Project title: Optimal control of driven quantum many-body systems
Supervisor: Dr Ulrich Schneider and Dr Florian Mintert
Driven systems offer an exciting analytic tool to investigate clean realizations of solid state models, featuring high temperature super-conductivity, fractional quantum Hall effect, spin Hall effect and states with topological order. One of the most promising implementations is based on optical lattices in which atoms are trapped in a standing laser field. Optical lattices permit to trap atoms in lattices of different geometries, and the dynamics of the atoms can be controlled by periodically modulating (shaking) the lattice. A central limitation on current experiments is that the shaking heats up the sample, what ultimately destroys the desired effects. In practice, heating is controlled merely in terms of the choice of frequency with which the system is shaken. If this frequency is far off the resonance frequencies of the system, then the heating is not too large. One would, however, expect that heating can be substantially reduced if destructive interference prevents atoms from occupying highly excited states. For this purpose, one can drive the system poly-chromatically and identify driving profiles that minimize the occurrence of undesired processes.

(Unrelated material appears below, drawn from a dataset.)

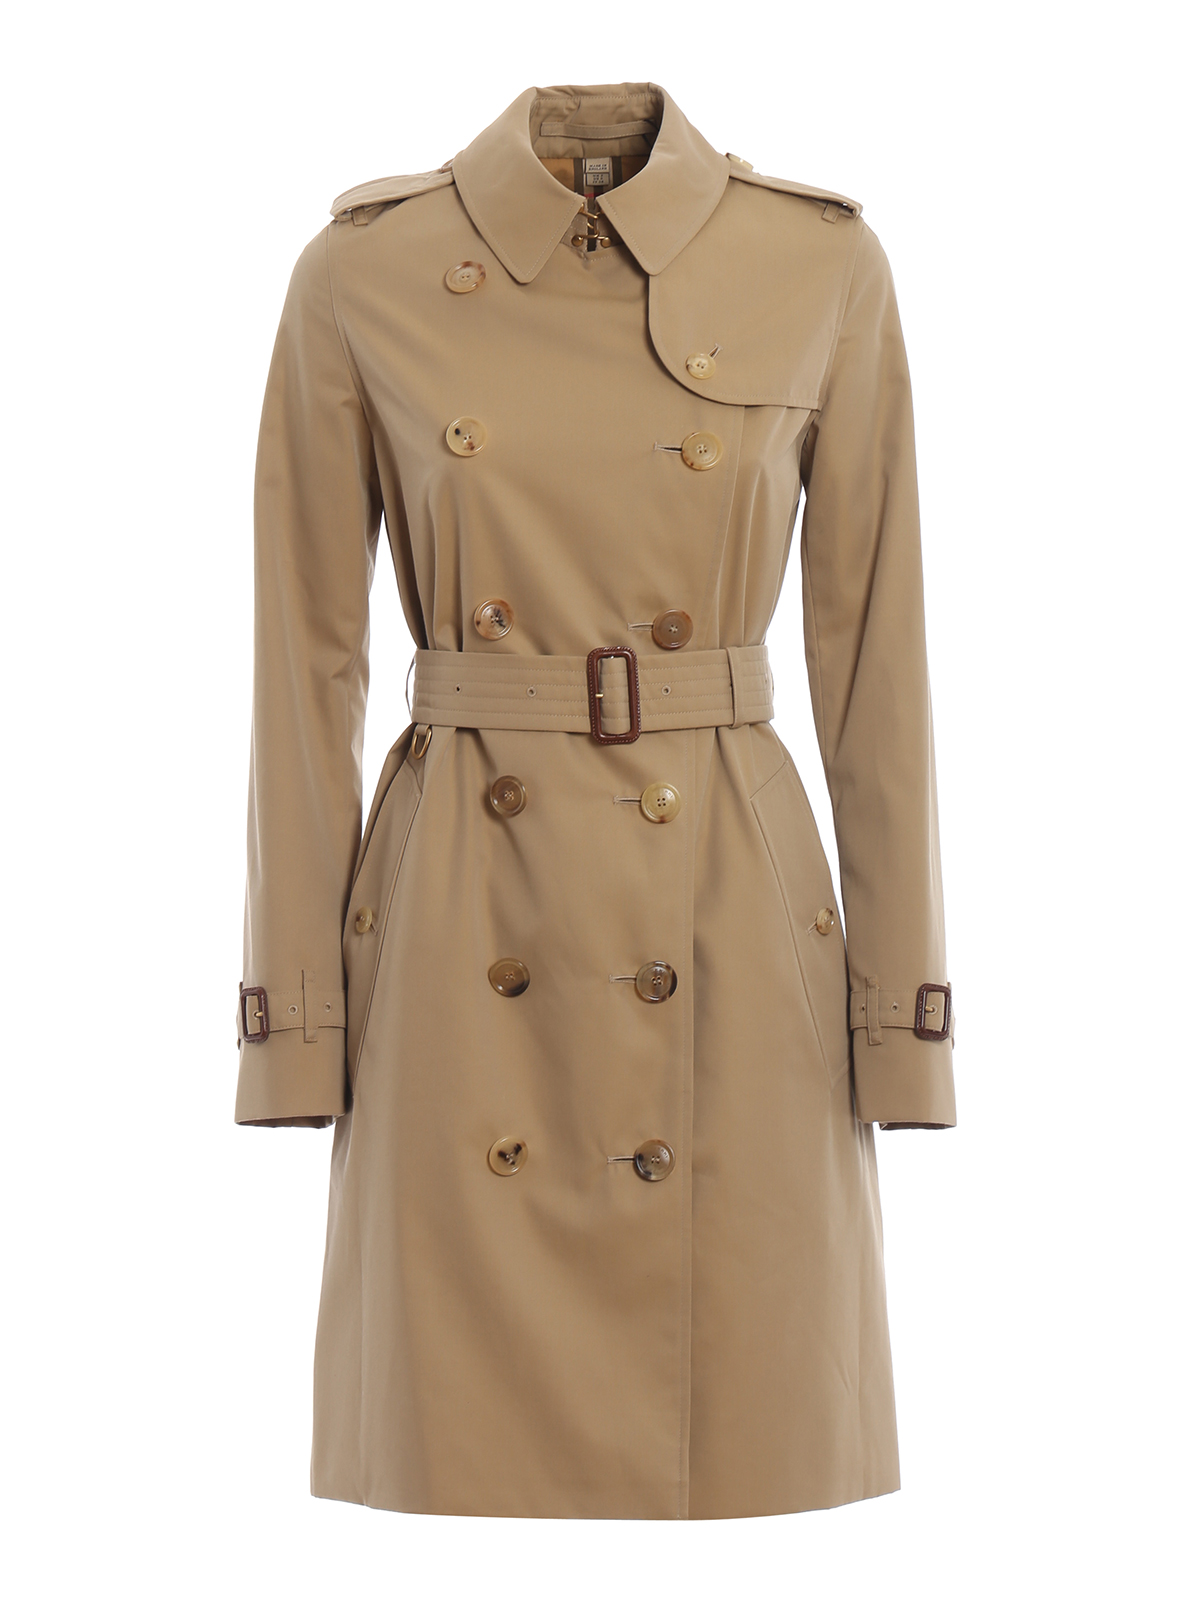 burberry trench coat kids gold
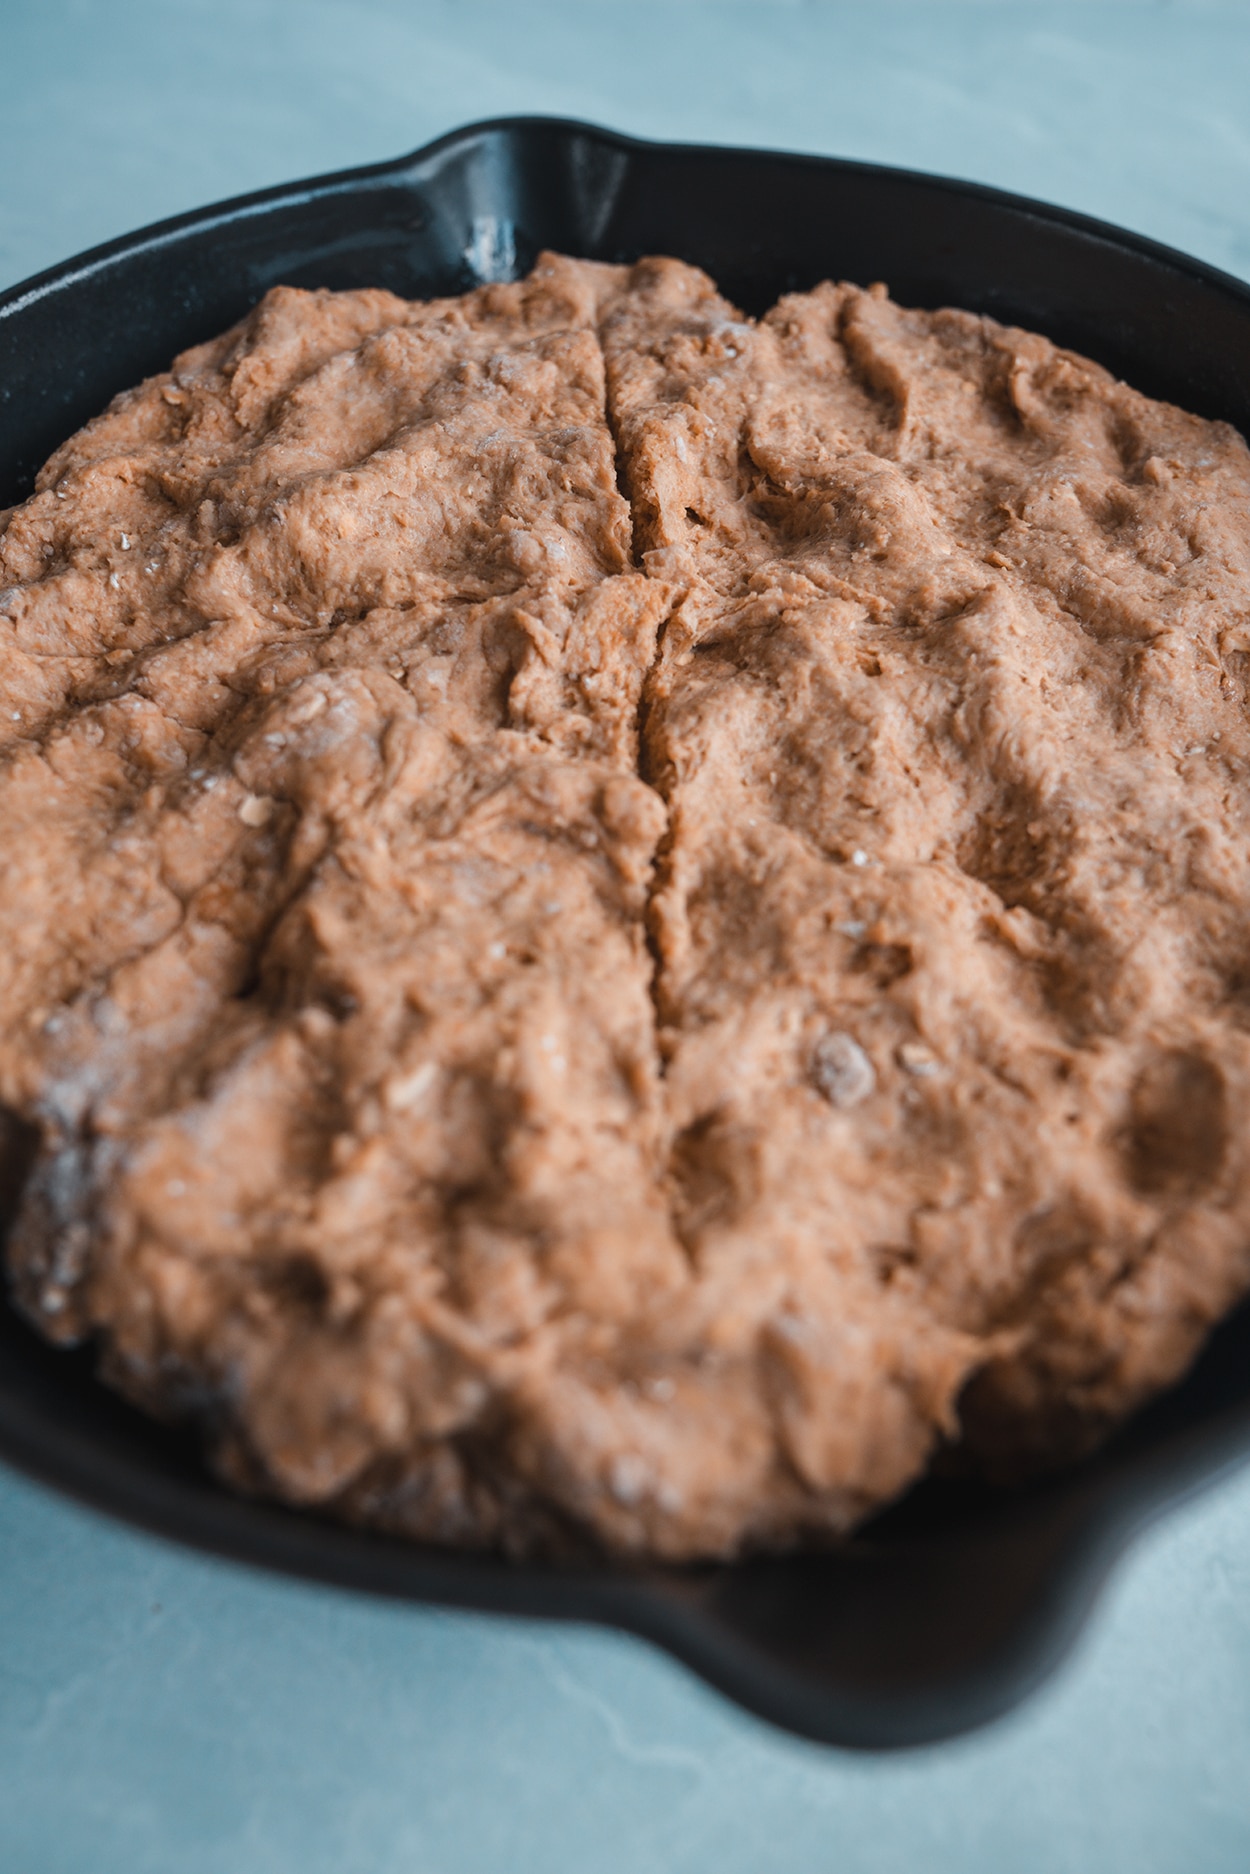 Easy Traditional Irish Brown Bread recipe baked in a skillet - photo by Keryn Means of TwistTravelMag,com

For reaching such a goal different techniques can be used. On the one hand perturbative techniques provide a path to analytically find optimal modulation of the system in order to engineer effective dynamics. This approach is limited by an exponential increase in complexity when many body interactions come into play. Another way would be through the use of Machine Learning (ML) techniques. ML has been successfully employed in finding optimal control schemes for classical systems, and has been recently applied to quantum system setups. Examples of such tasks include the preparation of quantum states with high fidelities, cooling procedures to generate ultra-cold gazes, shaping ultrafast light pulses, and the coherent manipulation of matter waves. Among the plethora of possible techniques, (physical) model-free approaches (e.g. reinforcement learning, Bayesian inferences, evolutionary algorithms) provide interesting alternatives to the more commonly used gradient descent methods.
This project is in collaboration with an experimental group in Cambridge setting up modulated optical lattices, with whom I can discuss realistic experimental constraints and the viability of the control schemes developed. In order to prepare for the project I did a placement at Microsoft Research to familiarize myself with ML (reinforcement learning) techniques.